4. Summary of key points
- To summarize the key points of this paper, the current state of the DOL guidance on ESG investing provides as follows:
- ERISA requires that plan fiduciaries not sacrifice a plan’s economic interests to promote “non-pecuniary” goals, thereby requiring that fiduciaries in the first instance make investment decisions by focusing on pecuniary factors—that is, on the basis of an investment’s expected risk and return based on appropriate investment horizons.

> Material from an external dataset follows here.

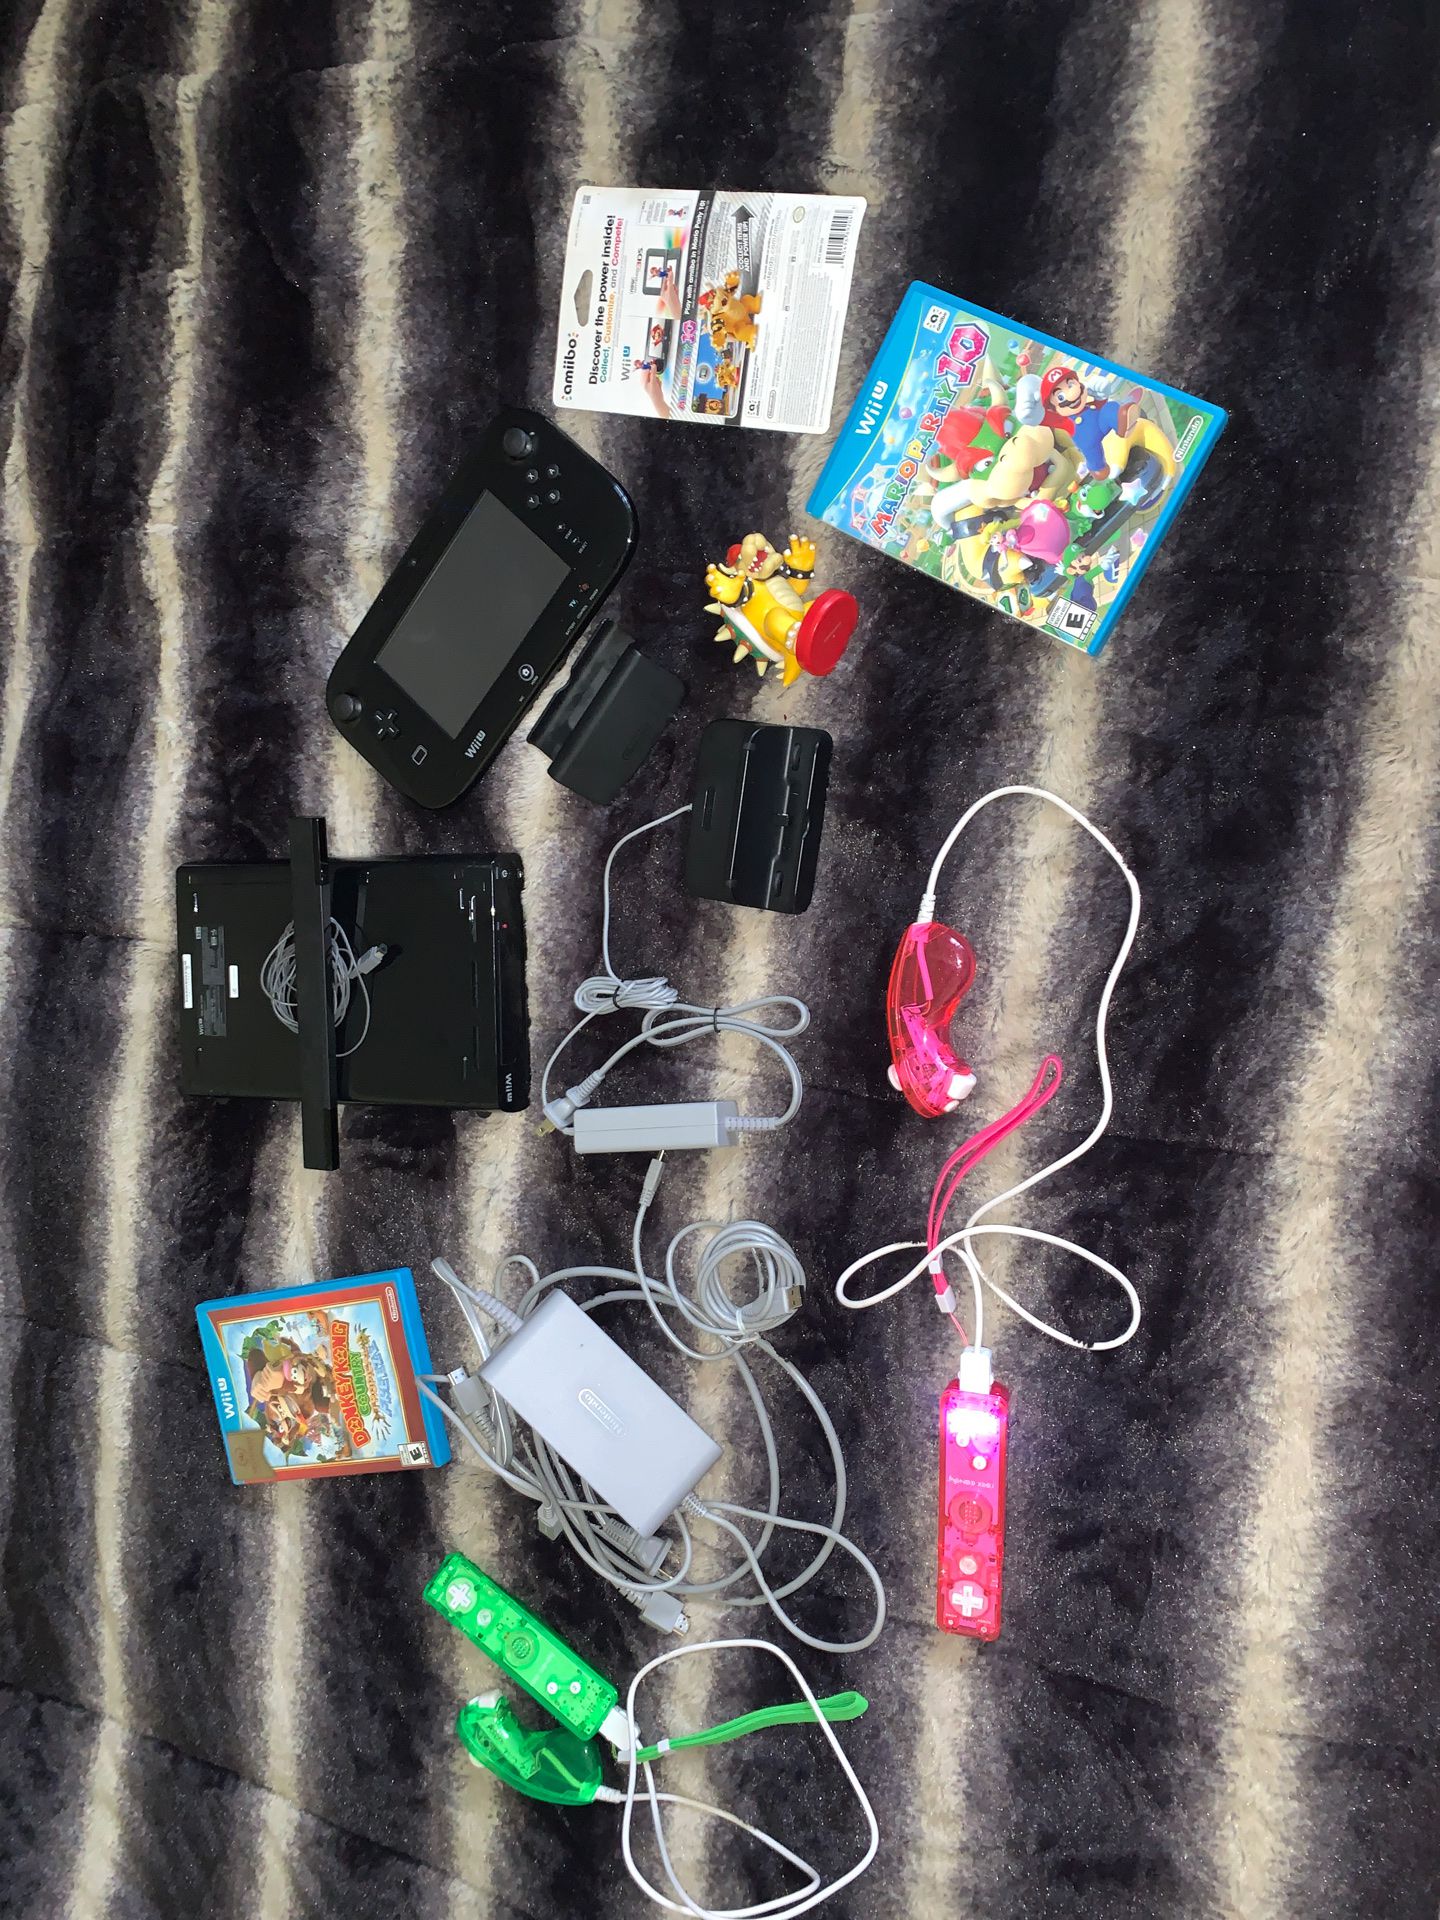 Wii U with remotes, games Nintendo accessories

- ESG factors may not be “non-pecuniary,” though, but rather “pecuniary,” by reason of having a direct relationship to the economic value of the investment, in which case these factors would be appropriate considerations in a prudent investment analysis.
- Key determination—whether the ESG factors are “pecuniary”
- If not, then the ability to consider them would require coming within one of the exceptions.
- If they are, they still must be given only their appropriate weight in light of the other relevant economic factors.
- ESG factors, particularly if “pecuniary,” can be part of a plan’s investment policy statement, but are not required to be so, and would have to be disregarded if their application would be imprudent or otherwise inconsistent with ERISA’s fiduciary responsibility rules.
- ESG-themed funds may be included as designated investment options for participant-directed plans, if prudently selected based on pecuniary factors.
- Prior guidance suggested that ESG-themed funds could be appropriate if in addition to other, non-ESG themed investment options.
- However, an ESG-themed fund should not be selected if it discloses that it expects reduced returns or greater risks to secure non-pecuniary benefits.
- ESG-themed funds that, as part of their investment objectives or goals, consider or use non-pecuniary factors could not serve as a plan’s QDIA.
- In addition to documenting their actions as necessary to meet the requirements of the regulation, including the “tie-breaker” exception, plan fiduciaries should consider documenting their consideration of ESG factors to the extent necessary to demonstrate, if challenged, that they followed the standards in the DOL guidance, to help show compliance with their ERISA fiduciary obligations.